A coalition of northern California tribes secured a court victory
on Monday in their campaign to protect one of their most important sites.
The Pit River Tribe and the Native Coalition for Medicine Lake Highlands
sued to stop the development of a geothermal plant on federal forest land.
The highlands are home to the sacred Medicine Lake, which the Pit River, Modoc,
Shasta, Karuk and Wintun tribes use for healing powers and to seek spiritual guidance.
After an administrative appeal,
the tribes lost at the federal court level in February 2004.
A judge said Bureau of Land Management and the U.S. Forest Service complied
with environmental and historic preservation laws and did not violate
their trust responsibility.
But in a unanimous decision issued yesterday, the 9th Circuit Court of Appeals
reversed. A three-judge panel rejected the extension of leases
that would have allowed Calpine Corporation to develop the geothermal plant.
"The agencies never took the requisite 'hard look' at
whether the Medicine Lake Highlands should be developed
for energy at all," Judge Clifford Wallace wrote for the majority.
Wallace also said the agencies, at a minimum, shirked their
fiduciary duties to the tribe by violating environmental and
historic preservation laws. But the court
stopped short of endorsing broader obligations to tribal nations
under the trust relationship.
And in deciding the case on the lease extensions, which were made
in 1998, the 9th Circuit largely avoided a politically sensitive issue for the
Bush administration and the Republican Party.
At the time the tribes were pressing their case, the White House and Vice
President Dick Cheney developed an energy policy that called for more
development in the West and expedited review of such projects.
Citing the policy, the BLM "unilaterally" lifted an existing moratorium
on development in the Medicine Lake Highlands, the court noted.
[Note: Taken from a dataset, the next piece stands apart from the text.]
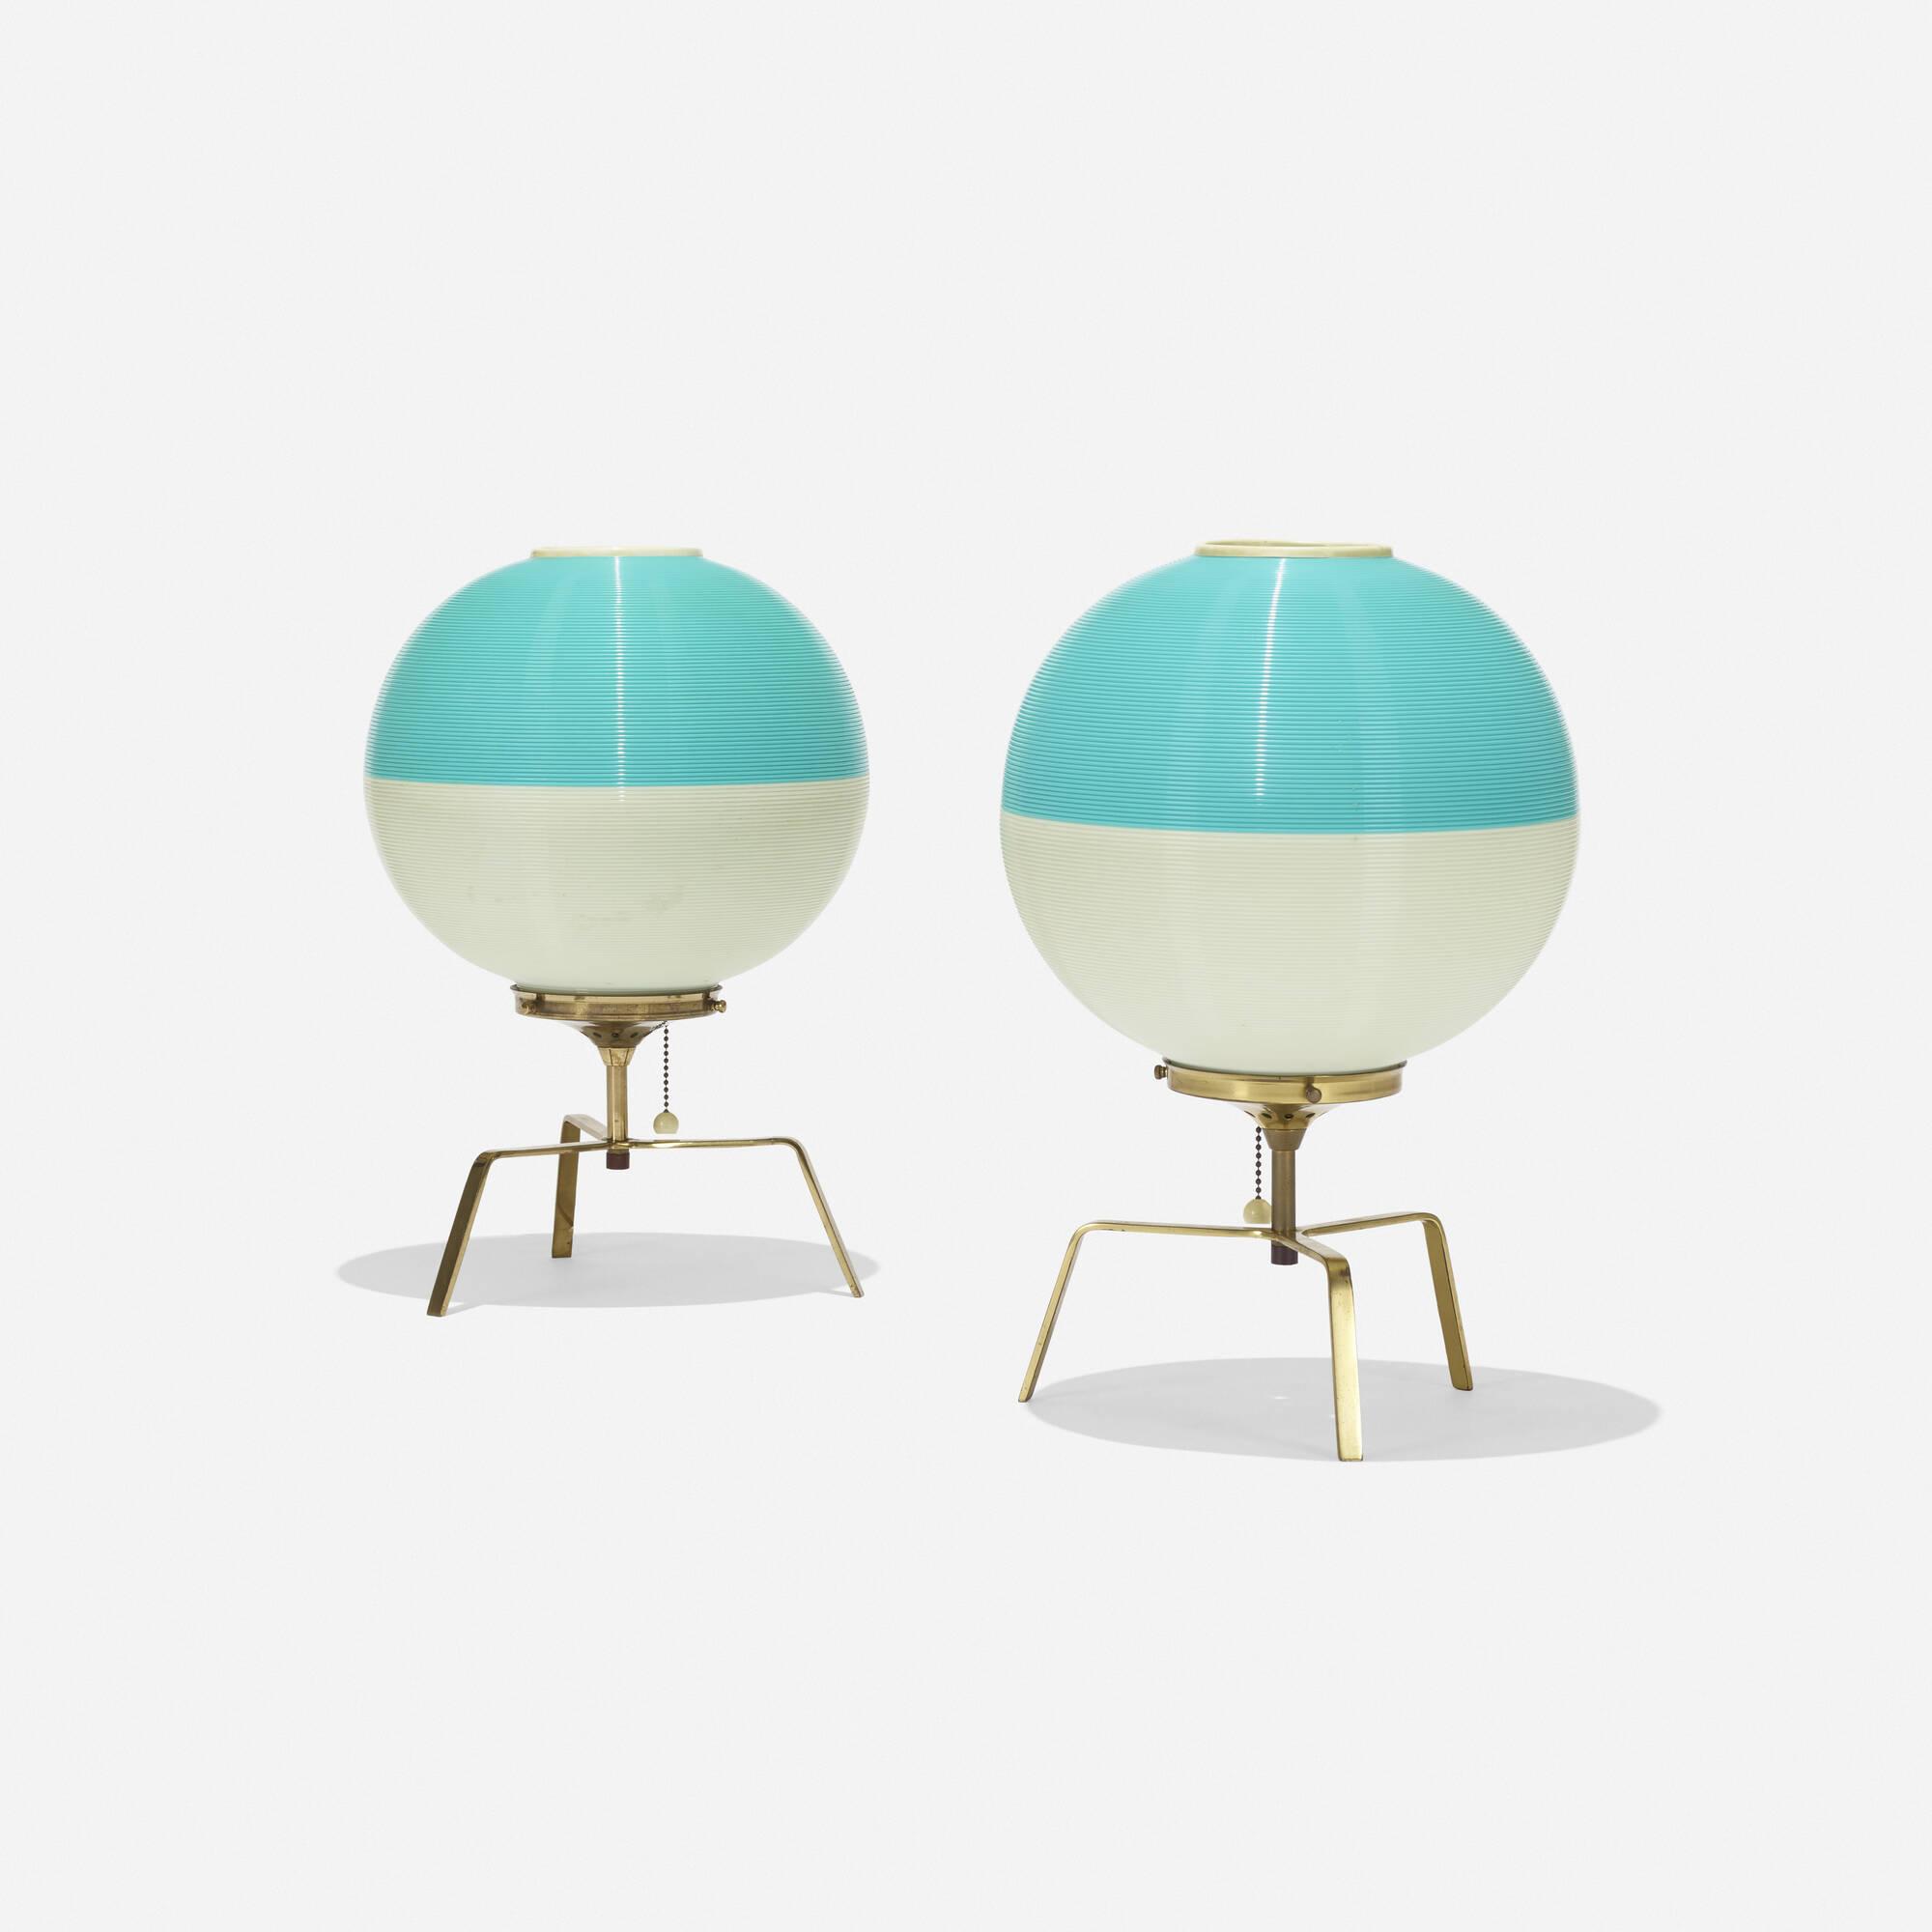 140: Yasha Heifetz / Rotaflex table lamps, pair (2 of 2)

The agency didn't offer any public comment on its decision,
made in June 2001 after Calpine filed a lawsuit and engaged
in significant lobbying effort of new Republican officials
in Washington, D.C.
Almost a year later, the BLM again extended Calpine's leases
in May 2002 for another 40 years.
"No additional environmental analysis was
undertaken in connection with this extension," the court said.
With the support of the Republican-controlled Congress, the White
House eventually won passage of the Energy Policy Act of 2005.
The law -- in addition to forcing a controversial study of rights-of-way
on Indian lands -- made it harder for BLM to reject geothermal leases.
The 9th Circuit ruled that the 2005 act did not affect the Pit River Nation's
rights to pursue the case. But the court said its ruling
didn't apply to the 2001 or 2002 actions of the Bush administration.
At a June 2003 hearing before the Senate Indian Affairs Committee,
Gene Preston, a Pit River council member, testified against the geothermal.
He said the project will yield very little power at the expense of his
tribe's cultural survival.
"Where is the equation that says trading our culture is worth the gain?"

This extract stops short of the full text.